编程入门行业动态更新时间:2024-10-28 05:19:22

本文介绍了快速Python的numpy功能？的处理方法，对大家解决问题具有一定的参考价值，需要的朋友们下面随着小编来一起学习吧！问题描述

我在几个中为循环使用了numpy的where函数，但是它太慢了。有什么方法可以更快地执行此功能？我读过你应该尝试在循环中进行循环，以及为循环之前的函数创建函数的局部变量，但似乎没有任何东西提高速度（< 1％）。 len（UNIQ_IDS）〜800. emiss_data 和 obj_data 是形状=（2600,5200）的numpy ndarrays。我已经使用 import profile 来获取瓶颈的位置，其中位于循环是一个很大的。

import numpy as np max = np .max where = np.where MAX_EMISS = [max（emiss_data [where（obj_data == i）]）for UNIQ_IDS）]

请考虑以下方法：

import numpy作为np 导入集合导入itertools作为IT 形状=（2600,5200）形状=（26,52） emiss_data = np .random.random（shape） obj_data = np.random.random_integers（1，800，size = shape） UNIQ_IDS = np.unique（obj_data） $ b $ def using_where ）： max = np.max where = np.where MAX_EMISS = [max（emiss_data [where（obj_data == i）]）for UNIQ_IDS] return MAX_EMISS 在UNIQ_IDS中，使用using_index（）： max = np.max MAX_EMISS = [max（emiss_data [obj_data == i] return MAX_EMISS $ b $ def using_max（）： MAX_EMISS = [（emiss_data [obj_data == i]）。max（）for UNIQ_IDS] return MAX_EMISS （）， $ b def using_loop（）： result = collections.defaultdict（list） for val，idx in IT.izip（emiss_data.ravel（），obj_data.ravel（））：结果[idx] .append（val）返回[max（result [idx]）for idx in UNIQ_IDS] def using_sort（）： uind = np.digitize（obj_data.ravel（），UNIQ_IDS） - 1 vals = uind.argsort（） count = np.bincount（uind） start = 0 end = 0 out = np.empty（count.shape [0]） for ind，x in np.ndenumerate（count）： end + = x out [ind ] = np.max（np.take（emiss_data，vals [start：end]）） start + = x 返回 $ b $ def using_split（）： ui nd = np.digitize（obj_data.ravel（），UNIQ_IDS） - 1 vals = uind.argsort（） count = np.bincount（uind） return [np.take（emiss_data ，item）.max（） for np.split（vals，count.cumsum（））[： - 1]] for func in（using_index，using_max，using_loop， using_sort，using_split）： assert using_where（）== func（）
这里是基准，与 shape =（2600,5200）：
In [ 57]：％timeit using_loop（） 1个循环，最好是3：每个循环9.15 s 在[90]中：％timeit using_sort（） 1个循环， 3：每循环9.33秒在[91]中：％timeit using_split（） 1循环，最好是3：每循环9.33秒在[61 ]：％timeit using_index（） 1个循环，最好是3：每循环63.2 s 在[62]中：％timeit using_max（） 1个循环，最好是3 ：每循环64.4 s 在[58]中：％timeit using_where（） 1循环，最好3：每循环112 s / pre>
星期四s using_loop （纯Python）的结果比 using_where 快11倍以上。 b
我不完全确定为什么纯Python比NumPy快。我的猜测是，纯粹的Python版本通过两个阵列拉链（是的，双关语意图）。它利用了这样的事实：尽管所有的花式索引，我们真的只想访问每个值一次。因此，它不得不确定哪个组合中的每个值都属于哪个组。但是，这只是模糊的猜测。我不知道它会更快，直到我基准。

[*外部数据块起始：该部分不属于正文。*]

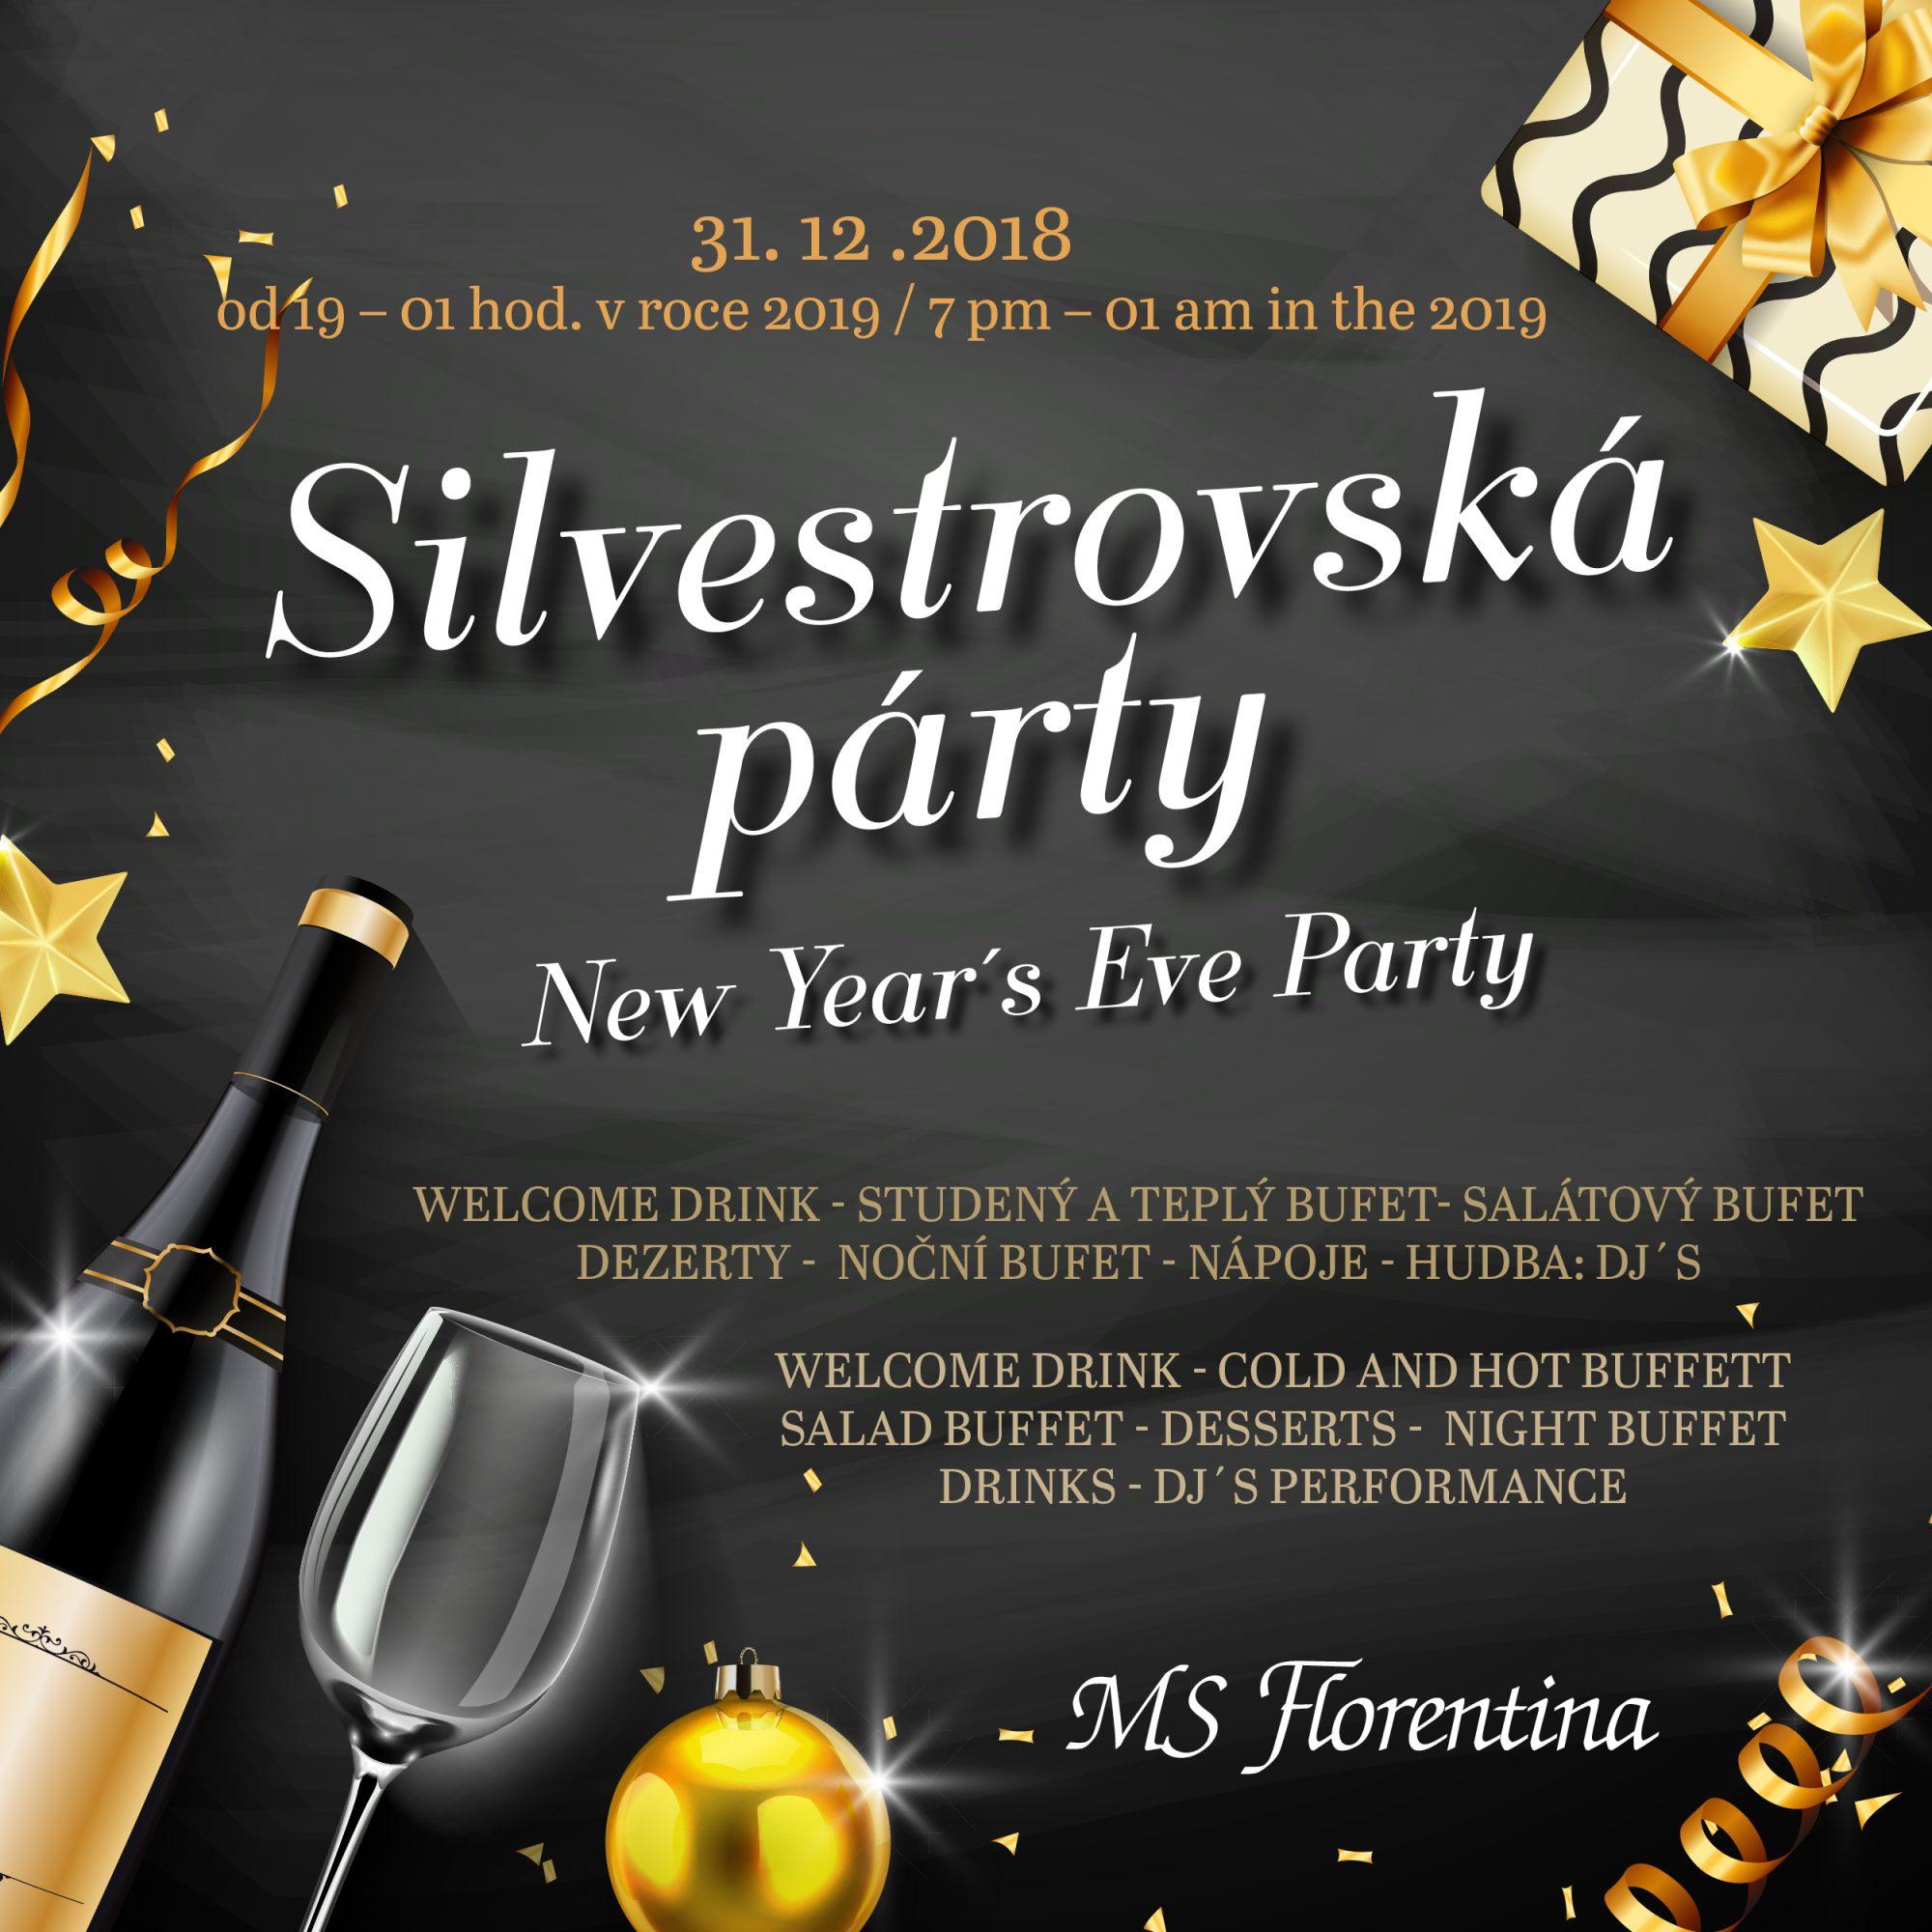 Silvestrovská párty na lodi Florentina!

I am using numpy's where function many times inside several for loops, but it becomes way too slow. Are there any ways to perform this functionality faster? I read you should try to do in-line for loops, as well as make local variables for functions before the for loops, but nothing seems to improve speed by much (< 1%). The len(UNIQ_IDS) ~ 800. emiss_data and obj_data are numpy ndarrays with shape = (2600,5200). I've used import profile to get a handle on where the bottlenecks are, and where in for loops is a big one.
import numpy as np max = np.max where = np.where MAX_EMISS = [max(emiss_data[where(obj_data == i)]) for i in UNIQ_IDS)]

解决方案
It turns out that a pure Python loop can be much much faster than NumPy indexing (or calls to np.where) in this case.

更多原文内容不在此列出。